Material supplied –
▽
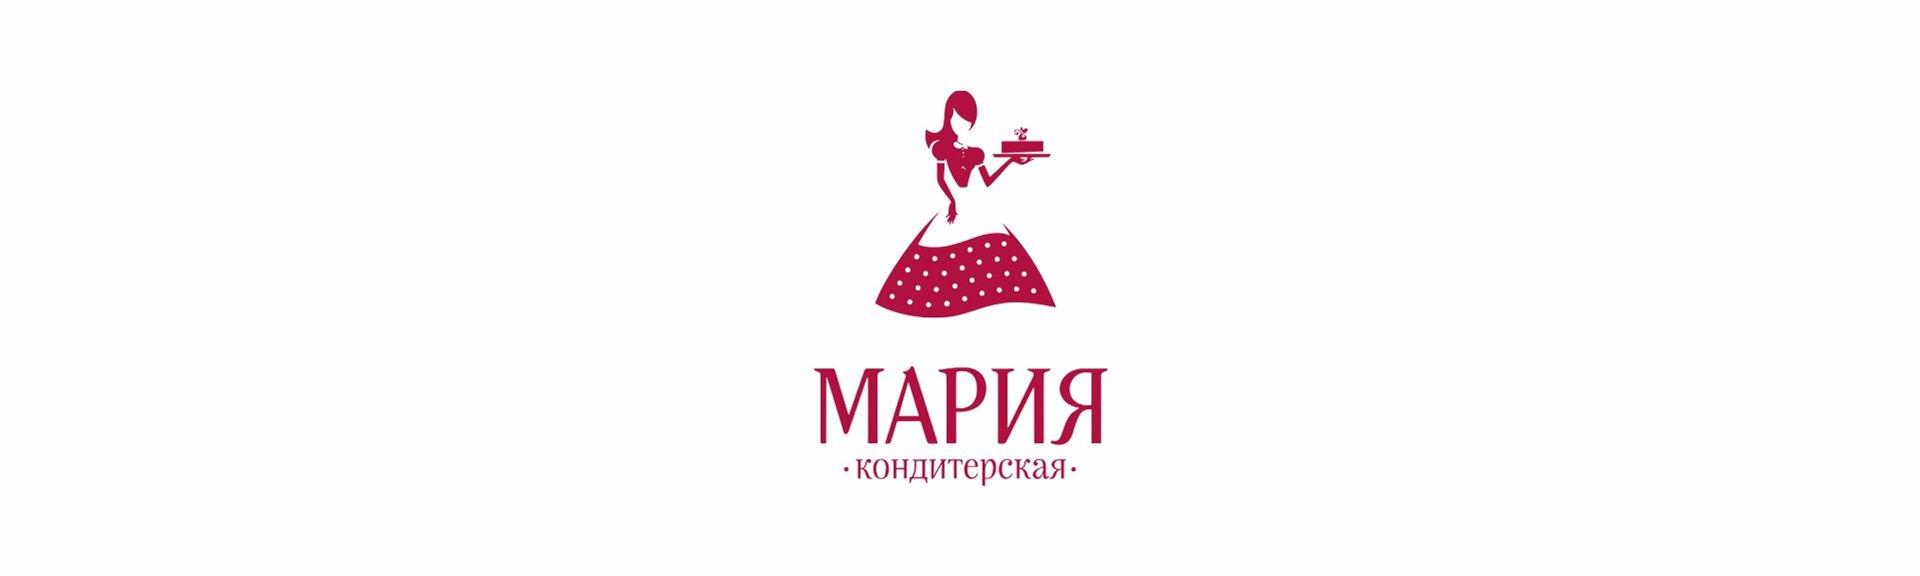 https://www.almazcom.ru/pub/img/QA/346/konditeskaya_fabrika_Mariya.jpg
△
▽
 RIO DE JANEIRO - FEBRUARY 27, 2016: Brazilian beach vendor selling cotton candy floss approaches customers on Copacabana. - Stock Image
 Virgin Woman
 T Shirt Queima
△
▽
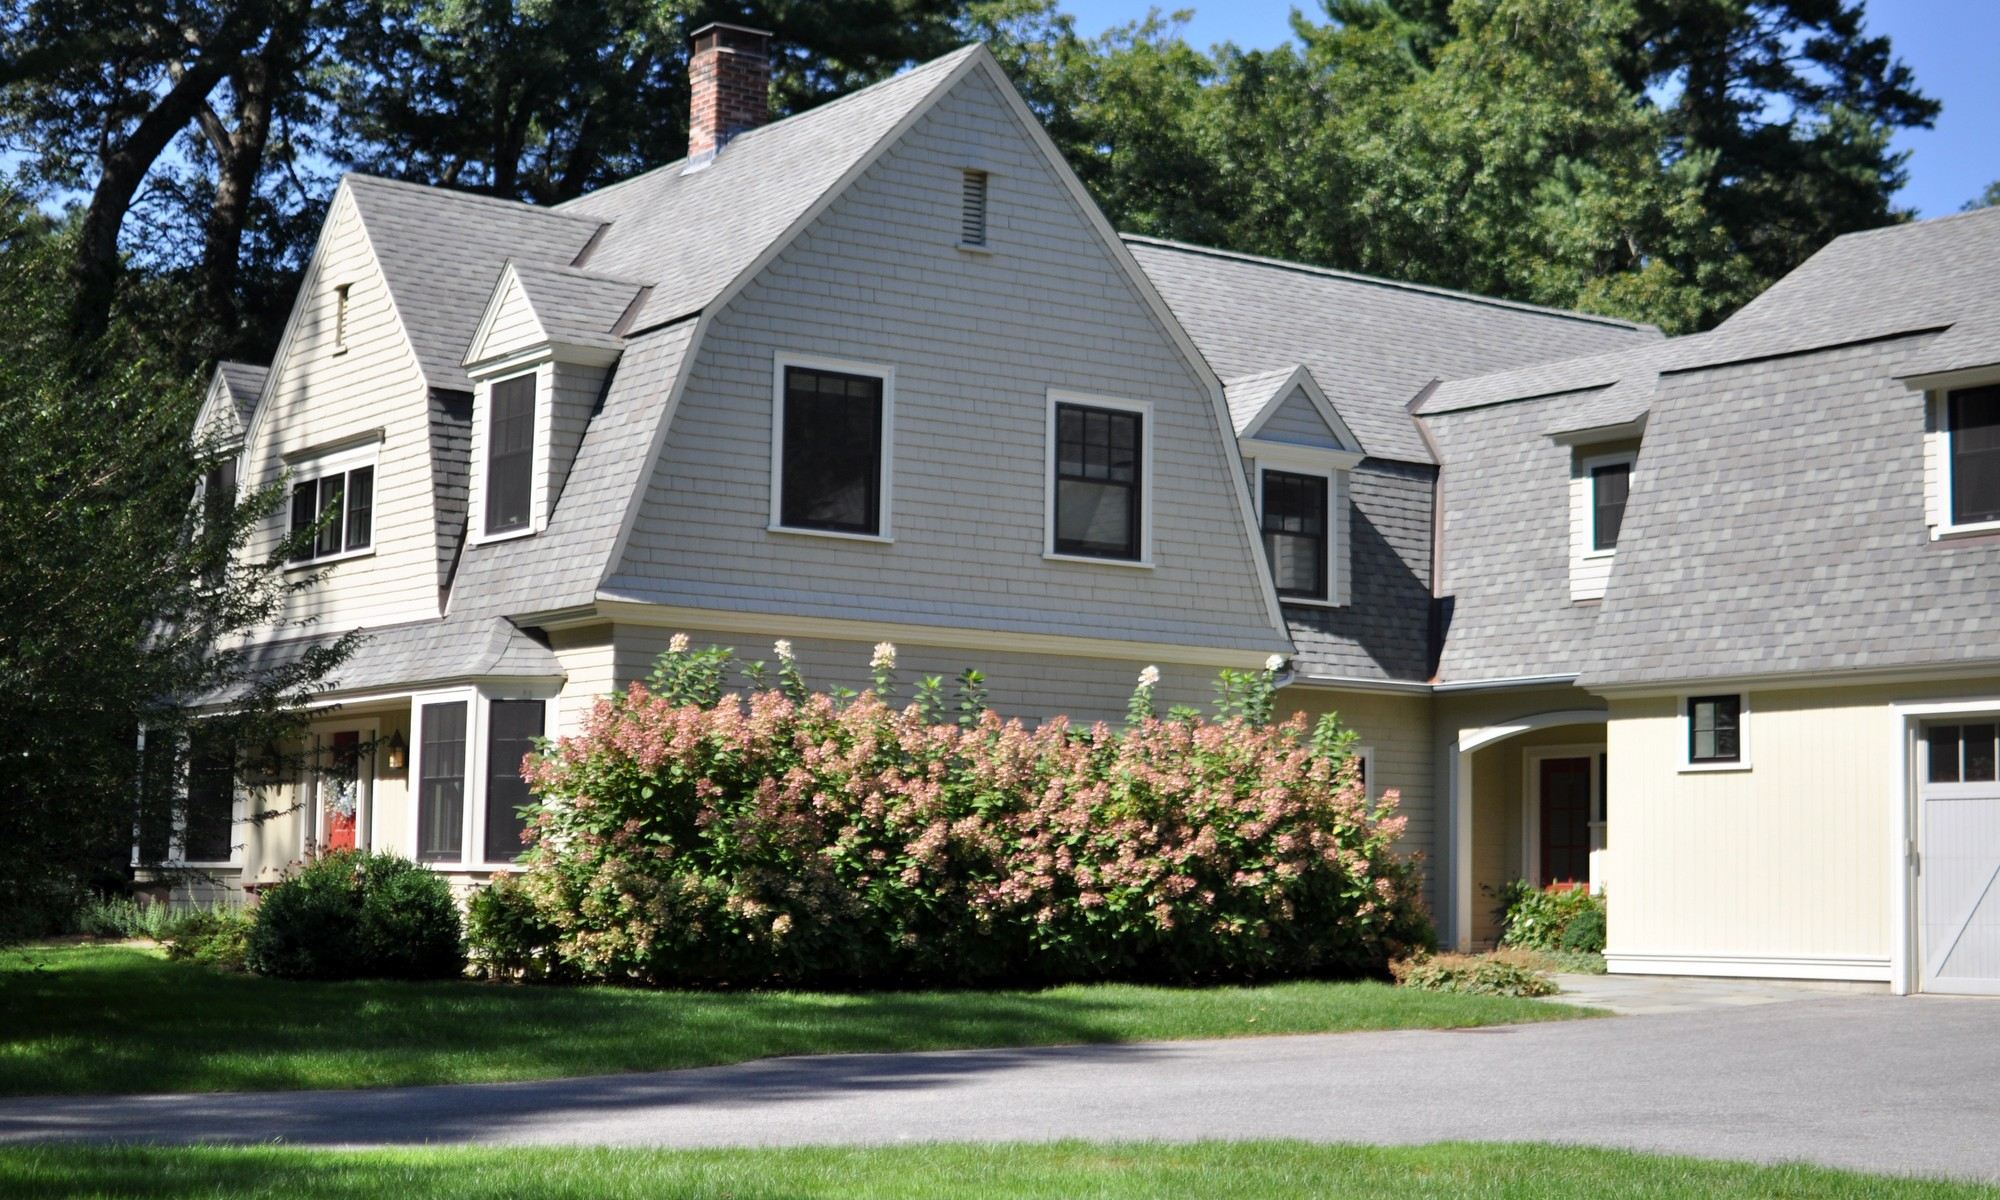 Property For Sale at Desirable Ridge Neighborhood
△
Directions for this task –
Every line above from the line with "RIO DE JANEIRO" to the line with "T Shirt Queima", inclusive, must be returned exactly; no other line belongs in the reply.

Output of the exercise –
 RIO DE JANEIRO - FEBRUARY 27, 2016: Brazilian beach vendor selling cotton candy floss approaches customers on Copacabana. - Stock Image
 Virgin Woman
 T Shirt Queima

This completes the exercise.